(LANKAPUVATH | COLOMBO) –Sri Lanka’s Central Bank releasing the monetary policy review on Thursday said the Monetary Board has decided to continue the current monetary policy stance.
Accordingly, the Monetary Board of the Central Bank of Sri Lanka, at its meeting held on 17 August 2022, has decided to maintain the Standing Deposit Facility Rate (SDFR) and the Standing Lending Facility Rate (SLFR) of the Central Bank at their current levels of 14.50 percent and 15.50 percent, respectively.
The Board is of the view that although inflation is projected to remain elevated in the near term, the policy measures taken by the Central Bank and the Government so far would help contain any aggregated demand pressures thereby anchoring inflation expectations, along with the anticipated decline in global commodity prices and its pass through to domestic prices in the period ahead.
The Monetary Board expects the domestic economic activity to record a notable downturn this year.
The impact of persisted supply side disruptions, primarily due to shortages of power and energy, and uncertainties associated with socio-political developments that caused significant adverse effects on economic growth in Q2 2022 is expected to continue through Q3 2022 as well resulting in a larger than expected contraction in real activity in 2022.

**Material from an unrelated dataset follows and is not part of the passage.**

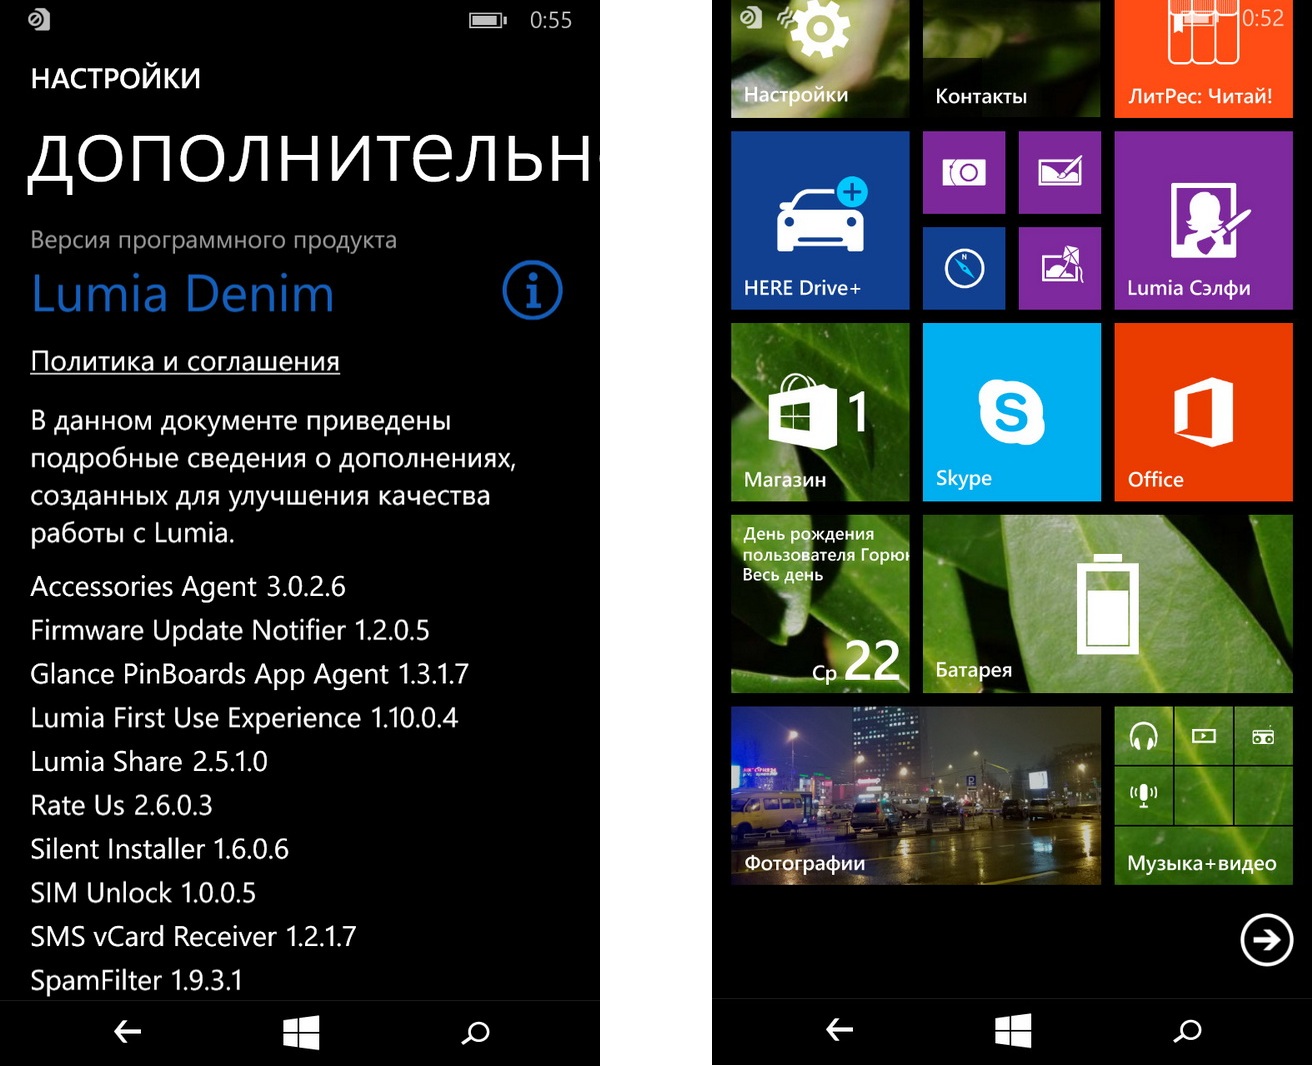 Nokia Lumia 730 - скриншот

However, real GDP growth is expected to recover in the period ahead, with the envisaged stabilization of macroeconomic conditions and implementation of structural reforms in the economy.
The Central Bank noted that the pace of acceleration of inflation has moderated faster than expected and such moderation is expected to continue in the period ahead, thereby resulting in a low level of inflation by end 2022.
The Board was of the view that the effective market interest rates are notably high and policy measures that have already been implemented by the Central Bank would continue to be further transmitted to the overall economy.
The Central Bank said it would continue to monitor domestic and global macroeconomic and financial market developments and stand ready to take appropriate measures proactively to stabilize inflation at the desired range and help reinforce greater macroeconomic stability in the period ahead.